Personal information
- Nationality: Turkish
- Born: 7 December 1994 (age 31)

Sport
- Country: Turkey
- Sport: Para-athletics
- Disability class: F11
- Event: Discus throw
- Club: Gaziantep BB Disabled SK

Medal record
Women's discus throw
Representing Turkey
European Para Athletics Championships
| Gold medal – first place | 2021 Bydgoszcz | Discus throw F11 CR |
| Silver medal – second place | 2016 Grosseto | Discus throw F11 |

= Büşra Nur Tırıklı =

Turkish Paralympic athlete

Büşra Nur Tırıklı (born 7 December 1994) is a Turkish Paralympian athlete competing in the F11 disability class of discus throw event.
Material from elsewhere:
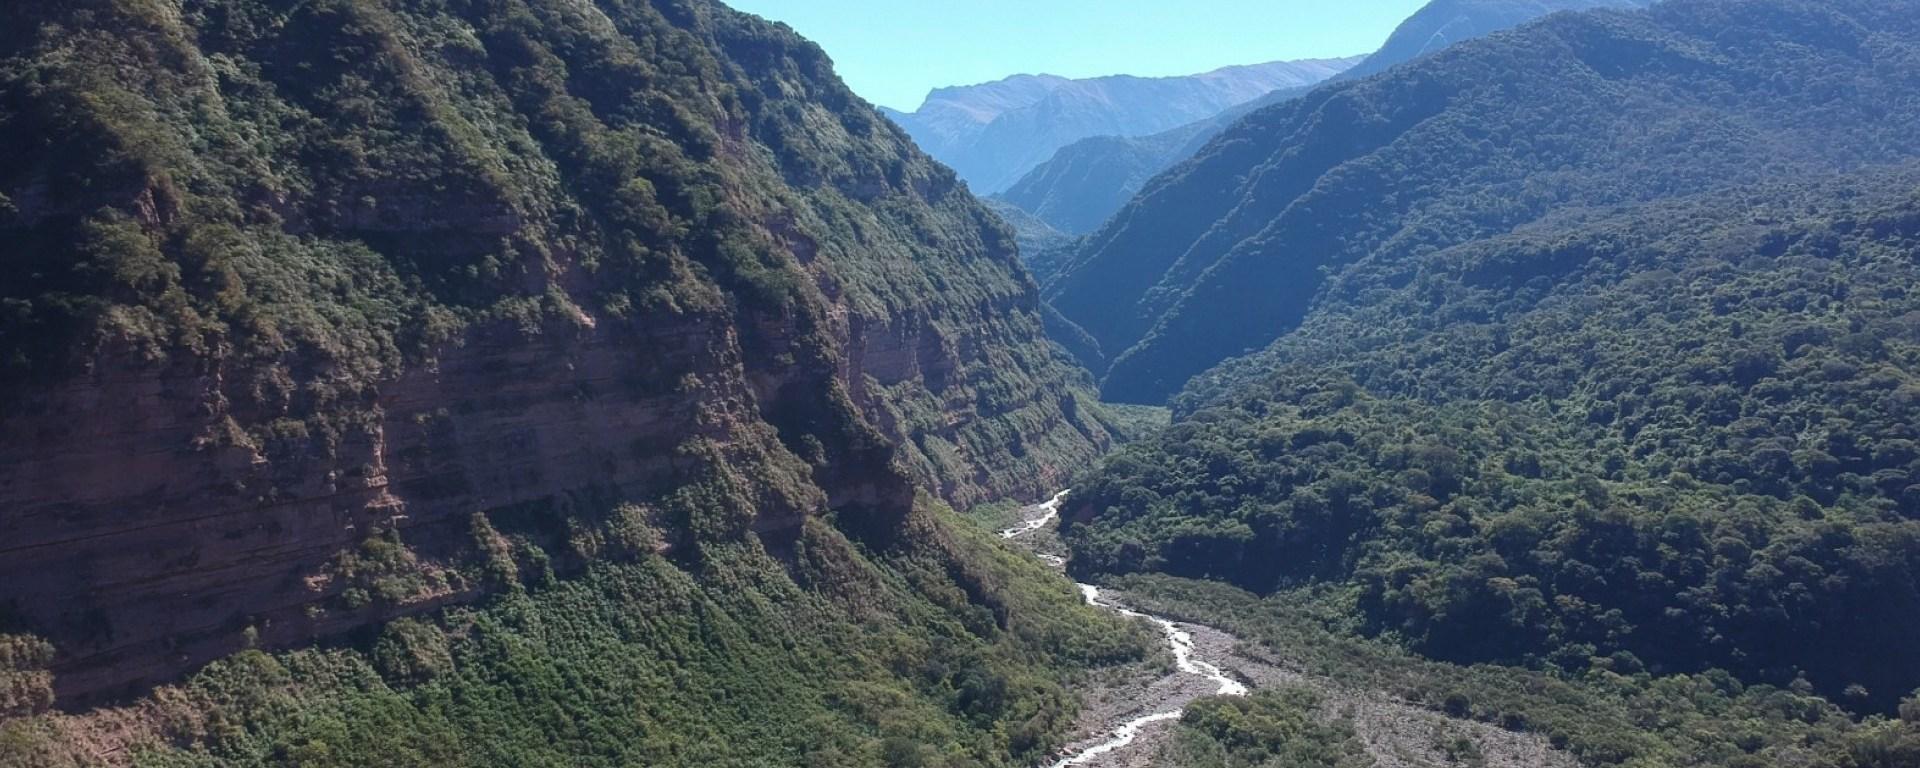 Argentina es rica en diversidad biogeográfica
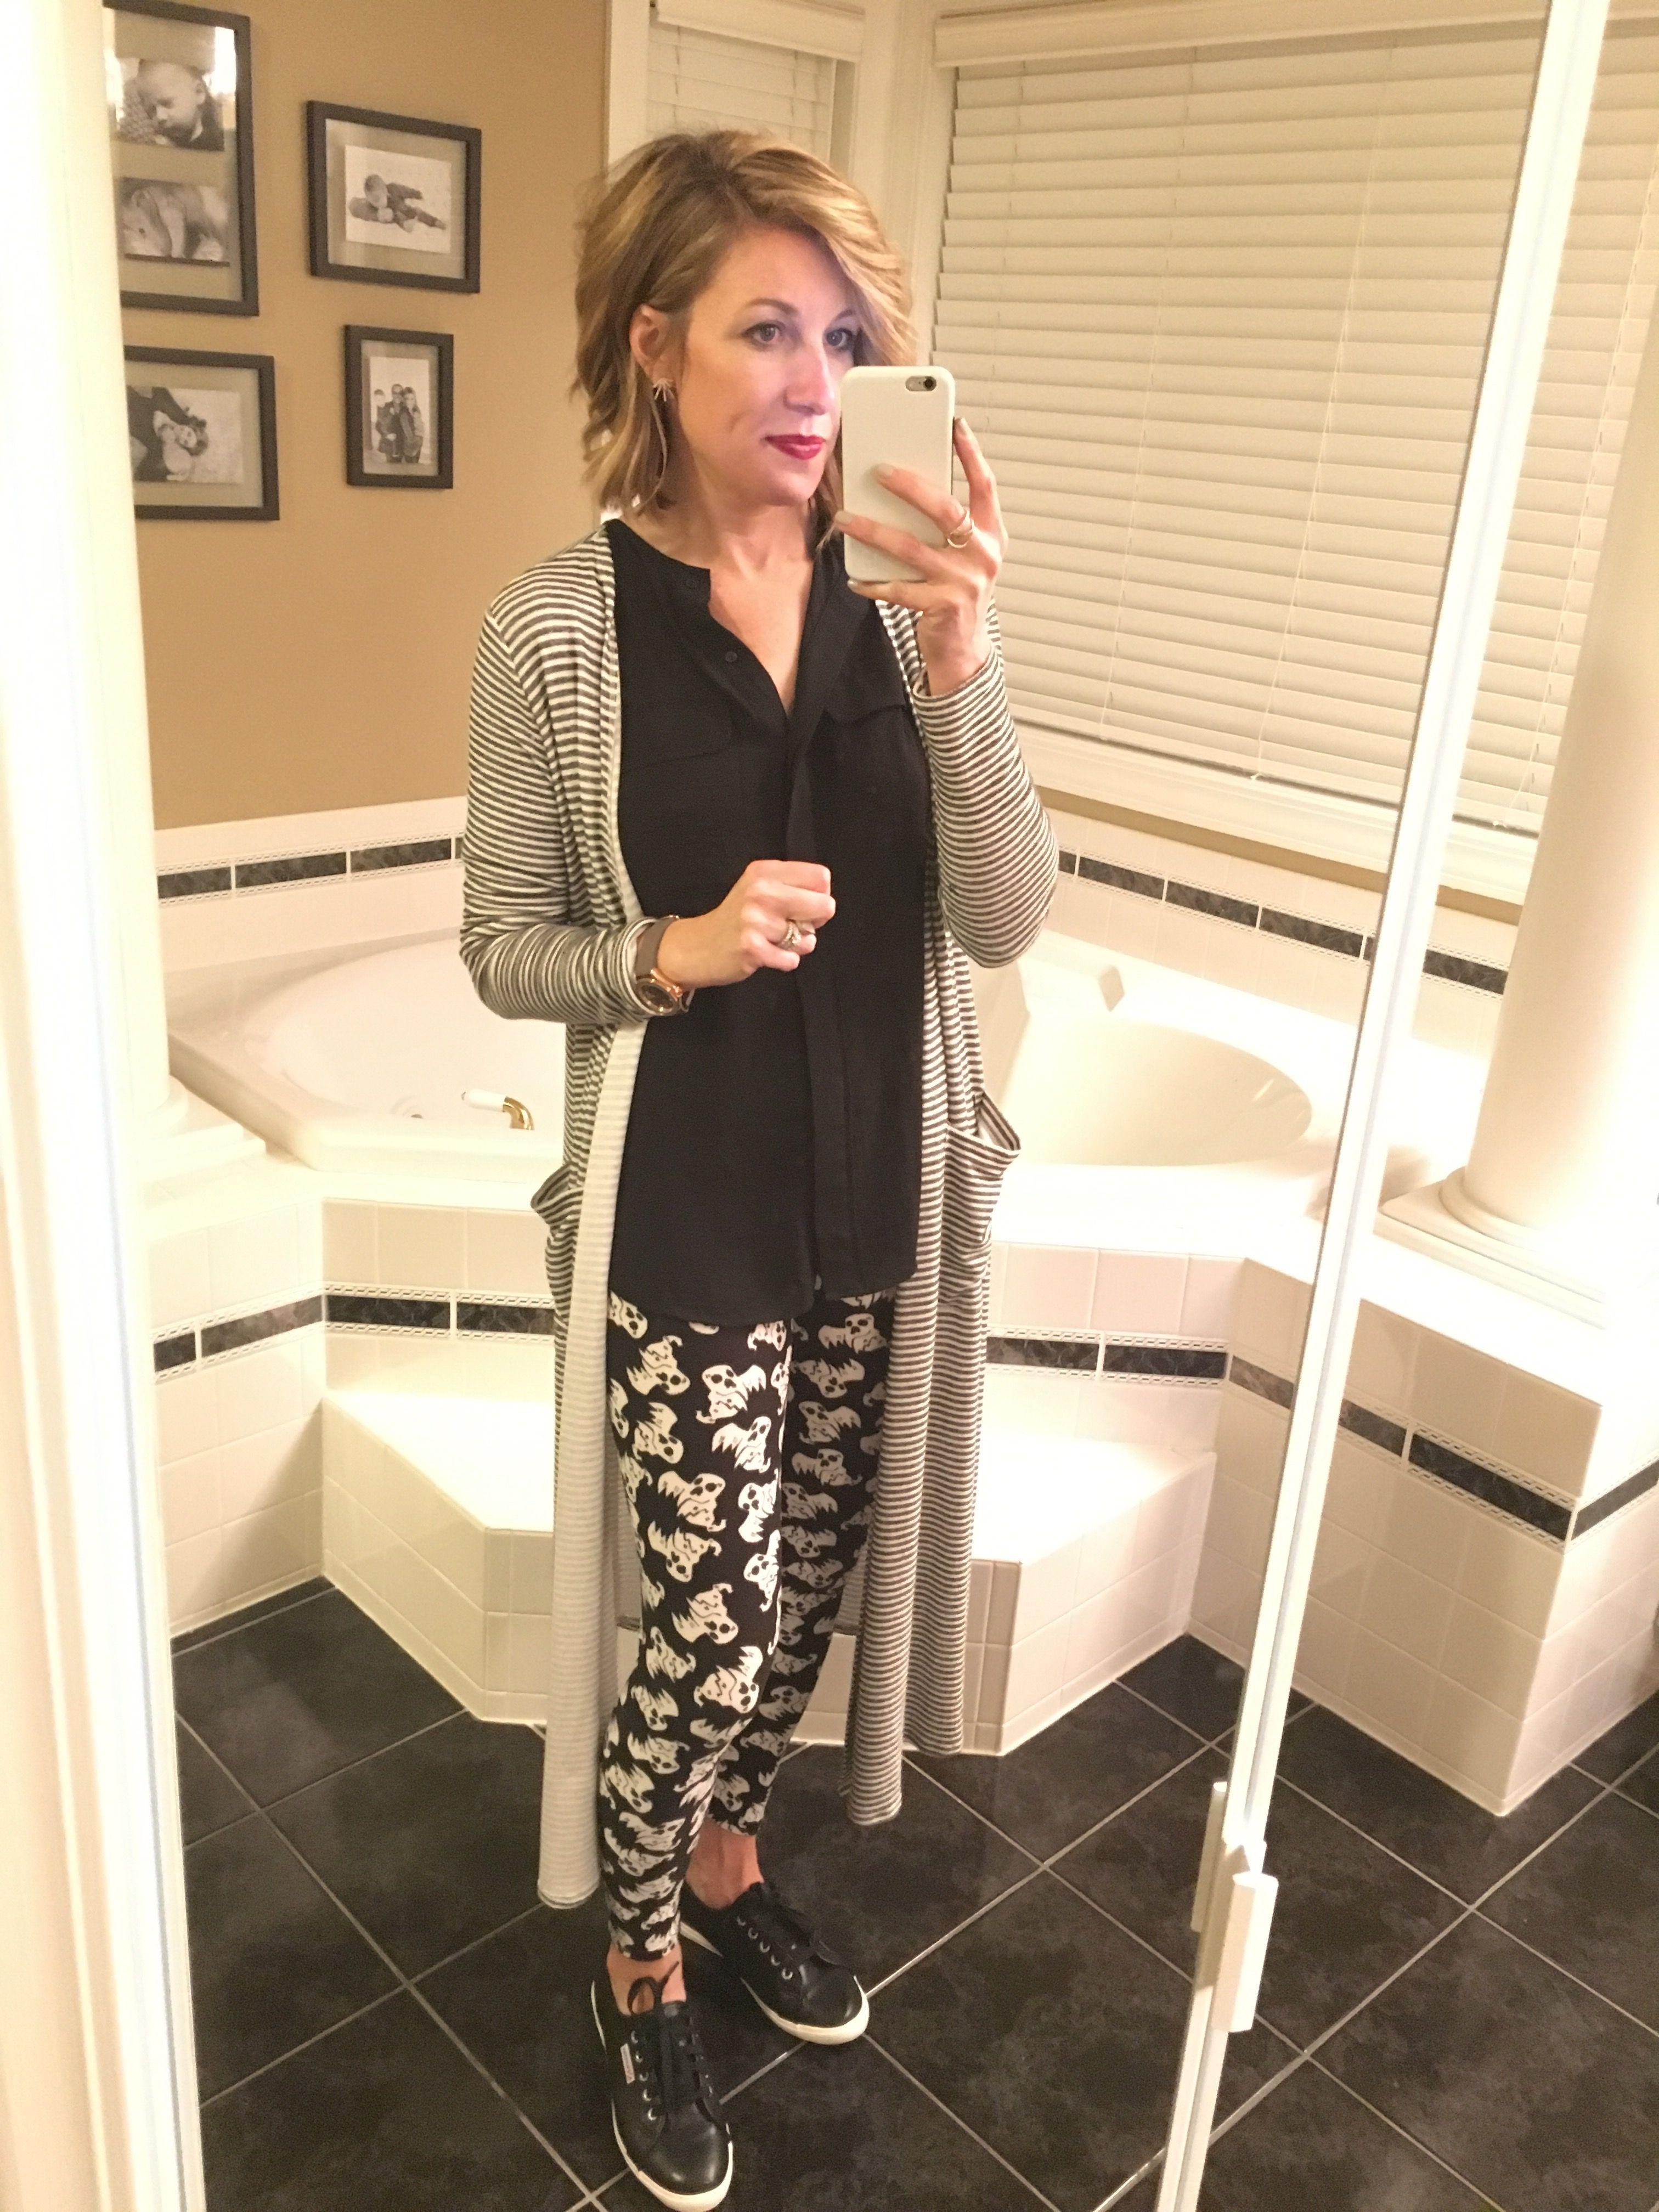 #Lularoe on repeat this weekend! #LularoeHalloweenLeggings #LularoeSarah #ToWitToWoo #MomBlogger #WIW

She is a member of Gaziantep BB Disabled SK.

She won the silver medal in the discus throw F11/12 event at the 2016 IPC Athletics European Championships held in Grosseto, Italy.

She competed in the discus throw F11 at the 2016 Paralympics in Rio de Janeiro, Brazil after receiving a special invitation. AT the 2021 World Para Athletics European Championships in Bydgoszcz, Poland, she won the gold medal in the discus throw F11 event, and set a new championship record with 34.12 m.